Records for this exercise below:

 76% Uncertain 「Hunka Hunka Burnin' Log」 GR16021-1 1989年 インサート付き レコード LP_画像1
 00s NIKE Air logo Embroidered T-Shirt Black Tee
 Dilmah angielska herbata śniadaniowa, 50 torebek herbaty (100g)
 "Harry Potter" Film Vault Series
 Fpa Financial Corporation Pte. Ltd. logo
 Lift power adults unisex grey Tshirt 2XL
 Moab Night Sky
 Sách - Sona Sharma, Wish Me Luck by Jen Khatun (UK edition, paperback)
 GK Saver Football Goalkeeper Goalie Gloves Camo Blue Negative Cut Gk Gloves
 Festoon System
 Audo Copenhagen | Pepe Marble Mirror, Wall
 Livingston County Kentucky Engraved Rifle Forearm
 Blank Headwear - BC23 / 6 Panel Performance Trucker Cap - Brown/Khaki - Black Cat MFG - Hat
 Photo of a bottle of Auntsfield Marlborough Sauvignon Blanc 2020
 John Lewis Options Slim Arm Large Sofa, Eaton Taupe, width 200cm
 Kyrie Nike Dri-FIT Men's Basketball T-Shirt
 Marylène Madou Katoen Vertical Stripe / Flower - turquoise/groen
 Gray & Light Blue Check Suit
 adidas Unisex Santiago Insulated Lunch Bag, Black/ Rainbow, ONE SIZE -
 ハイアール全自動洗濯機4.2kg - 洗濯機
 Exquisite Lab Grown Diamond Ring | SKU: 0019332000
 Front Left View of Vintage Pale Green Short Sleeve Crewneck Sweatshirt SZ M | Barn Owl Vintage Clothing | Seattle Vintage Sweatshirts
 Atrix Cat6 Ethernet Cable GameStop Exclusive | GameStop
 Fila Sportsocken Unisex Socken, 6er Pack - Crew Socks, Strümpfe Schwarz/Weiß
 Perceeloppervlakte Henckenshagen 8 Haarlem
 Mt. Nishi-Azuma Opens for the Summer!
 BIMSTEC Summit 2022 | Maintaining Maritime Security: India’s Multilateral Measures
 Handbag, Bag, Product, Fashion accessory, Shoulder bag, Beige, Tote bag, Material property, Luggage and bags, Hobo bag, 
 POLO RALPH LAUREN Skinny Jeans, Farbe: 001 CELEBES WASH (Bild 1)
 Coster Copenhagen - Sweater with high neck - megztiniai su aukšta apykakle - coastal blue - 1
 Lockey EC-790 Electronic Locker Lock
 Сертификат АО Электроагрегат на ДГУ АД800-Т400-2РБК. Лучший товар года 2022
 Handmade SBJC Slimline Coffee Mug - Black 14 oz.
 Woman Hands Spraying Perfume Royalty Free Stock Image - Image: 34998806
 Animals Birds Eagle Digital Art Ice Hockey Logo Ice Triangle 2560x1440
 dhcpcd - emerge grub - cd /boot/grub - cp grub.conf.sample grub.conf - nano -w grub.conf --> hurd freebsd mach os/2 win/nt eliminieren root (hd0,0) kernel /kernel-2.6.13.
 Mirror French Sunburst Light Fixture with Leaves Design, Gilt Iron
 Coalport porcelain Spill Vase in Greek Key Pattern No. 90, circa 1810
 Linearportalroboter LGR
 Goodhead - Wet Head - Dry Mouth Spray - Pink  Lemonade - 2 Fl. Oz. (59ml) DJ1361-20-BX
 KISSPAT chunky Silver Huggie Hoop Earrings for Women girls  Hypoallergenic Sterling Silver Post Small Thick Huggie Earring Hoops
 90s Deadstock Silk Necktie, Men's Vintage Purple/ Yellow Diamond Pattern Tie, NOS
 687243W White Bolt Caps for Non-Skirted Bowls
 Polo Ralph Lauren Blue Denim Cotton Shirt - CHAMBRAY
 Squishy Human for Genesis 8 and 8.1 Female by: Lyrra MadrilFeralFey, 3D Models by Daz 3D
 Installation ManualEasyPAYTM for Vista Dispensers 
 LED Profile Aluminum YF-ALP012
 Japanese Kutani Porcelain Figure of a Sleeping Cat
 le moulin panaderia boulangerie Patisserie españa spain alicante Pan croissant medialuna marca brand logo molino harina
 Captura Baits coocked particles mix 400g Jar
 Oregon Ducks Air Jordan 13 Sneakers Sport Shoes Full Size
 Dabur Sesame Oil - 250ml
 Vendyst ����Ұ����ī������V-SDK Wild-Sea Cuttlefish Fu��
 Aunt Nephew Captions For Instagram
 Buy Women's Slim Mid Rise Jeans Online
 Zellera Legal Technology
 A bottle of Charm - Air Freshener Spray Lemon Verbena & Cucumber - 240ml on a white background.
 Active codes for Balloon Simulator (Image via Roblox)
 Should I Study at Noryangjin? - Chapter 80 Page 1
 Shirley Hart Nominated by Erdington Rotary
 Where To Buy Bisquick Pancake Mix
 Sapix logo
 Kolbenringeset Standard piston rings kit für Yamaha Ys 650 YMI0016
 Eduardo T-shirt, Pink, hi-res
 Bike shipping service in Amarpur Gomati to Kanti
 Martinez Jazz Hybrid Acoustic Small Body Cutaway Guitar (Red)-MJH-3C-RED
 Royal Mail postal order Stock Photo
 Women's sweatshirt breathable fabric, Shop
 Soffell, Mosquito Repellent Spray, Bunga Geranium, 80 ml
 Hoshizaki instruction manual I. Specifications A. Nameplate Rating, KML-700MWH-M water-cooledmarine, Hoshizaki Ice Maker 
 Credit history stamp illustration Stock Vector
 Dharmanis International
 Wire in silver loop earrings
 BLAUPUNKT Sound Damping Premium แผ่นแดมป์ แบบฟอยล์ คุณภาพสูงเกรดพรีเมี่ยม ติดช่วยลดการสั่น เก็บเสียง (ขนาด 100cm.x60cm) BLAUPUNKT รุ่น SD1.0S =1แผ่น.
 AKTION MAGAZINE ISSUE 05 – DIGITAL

End of Records for this exercise.

* [Task instructions] Set down each line of the material verbatim, from the first line through the line that contains "Fpa Financial Corporation Pte. Ltd. logo".

* [Completed task]
 76% Uncertain 「Hunka Hunka Burnin' Log」 GR16021-1 1989年 インサート付き レコード LP_画像1
 00s NIKE Air logo Embroidered T-Shirt Black Tee
 Dilmah angielska herbata śniadaniowa, 50 torebek herbaty (100g)
 "Harry Potter" Film Vault Series
 Fpa Financial Corporation Pte. Ltd. logo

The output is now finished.